[Phases of Faith by Francis William Newman]@TWC D-Link book
Phases of Faith

CHAPTER VI
17/33

"Doctrines" are either spiritual truths, or are statements of external history.

Of the former we may have an inward witness;--that is their proper evidence;--but the latter must depend upon adequate testimony and various kinds of criticism.
How quickly might I have come to my conclusion,--how much weary thought and useless labour might I have spared,--if at an earlier time this simple truth had been pressed upon me, that since the religious faculties of the poor and half-educated cannot investigate Historical and Literary questions, _therefore_ these questions cannot constitute an essential part of Religion .-- But perhaps I could not have gained this result by any abstract act of thought, from want of freedom to think: and there are advantages also in expanding slowly under great pressure, if one _can_ expand, and is not crushed by it.
I felt no convulsion of mind, no emptiness of soul, no inward practical change: but I knew that it would be said, this was only because the force of the old influence was as yet unspent, and that a gradual declension in the vitality of my religion must ensue.
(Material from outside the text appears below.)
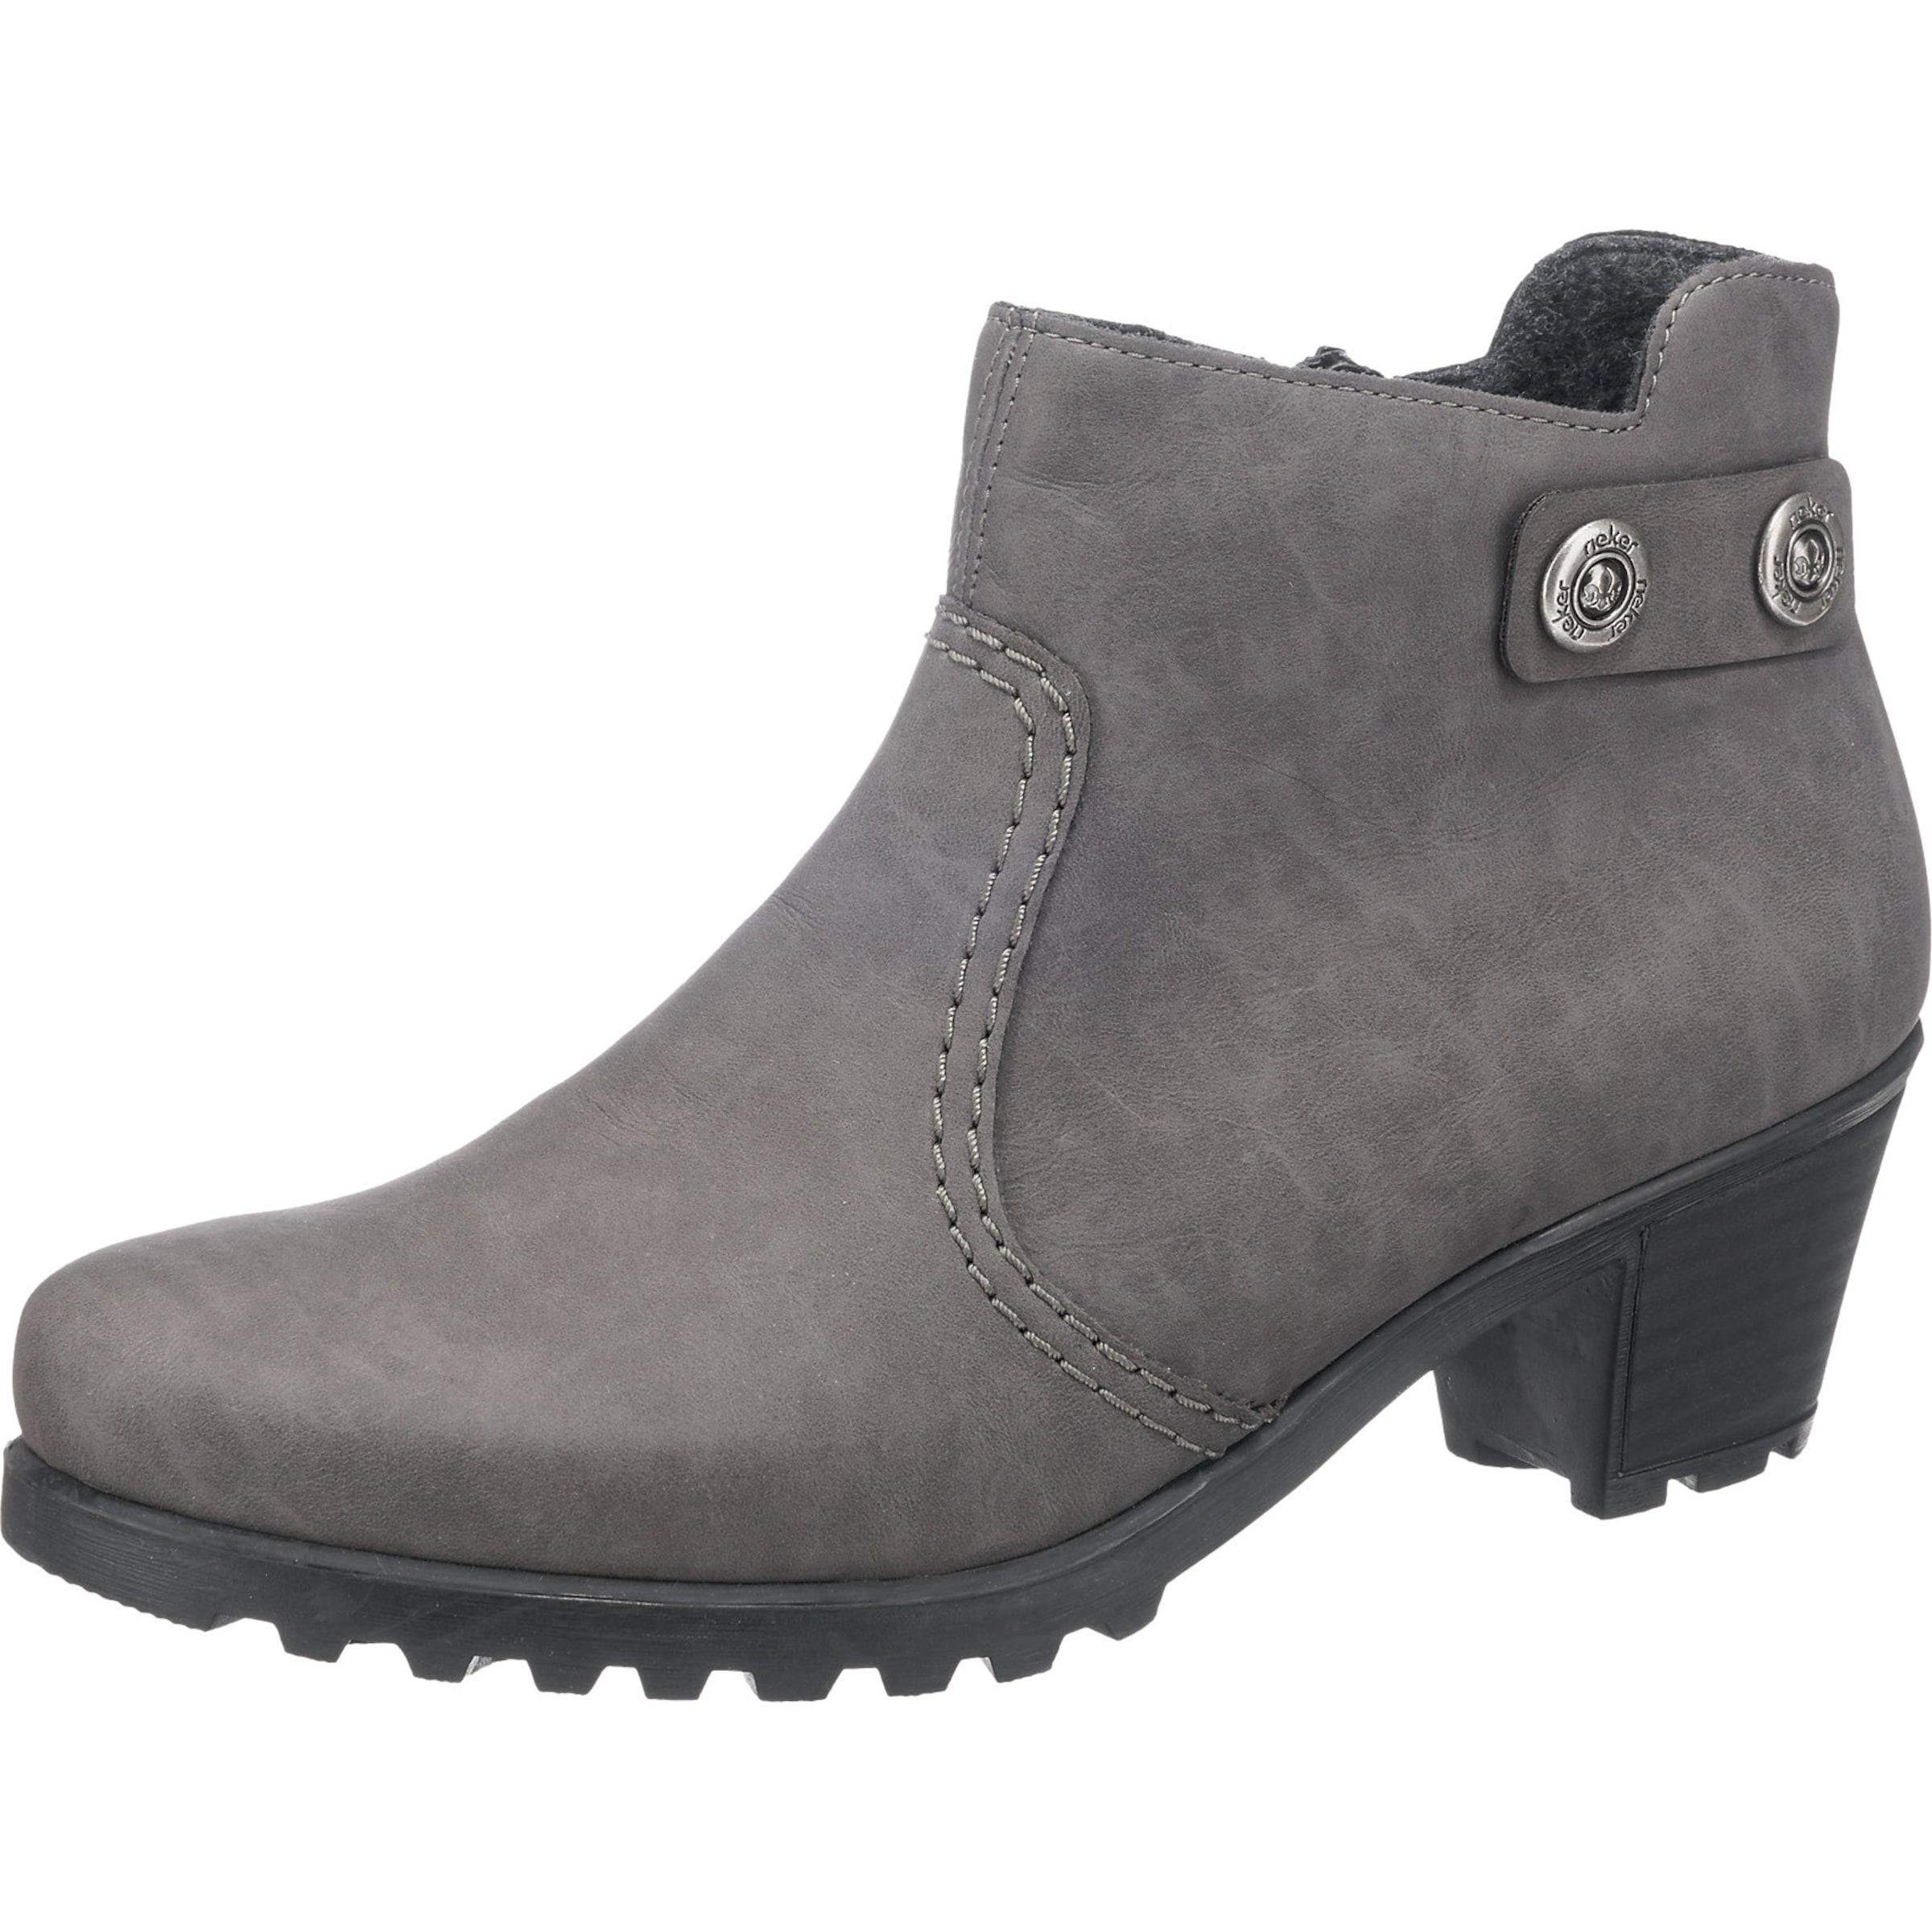 RIEKER Ankle-Boots Verschleißfeste billige Schuhe Hohe Qualität

More than eight years have since past, and I feel I have now a right to contradict that statement.

To any "Evangelical" I have a right to say, that while he has a _single_, I have a _double_ experience; and I know, that the spiritual fruits which he values, have no connection whatever with the complicated and elaborate creed, which his school imagines, and I once imagined, to be the roots out of which they are fed.

That they depend directly on _the heart's belief in the sympathy of God with individual man_,[7] I am well assured: but that doctrine does not rest upon the Bible or upon Christianity; for it is a postulate, from which every Christian advocate is forced to start.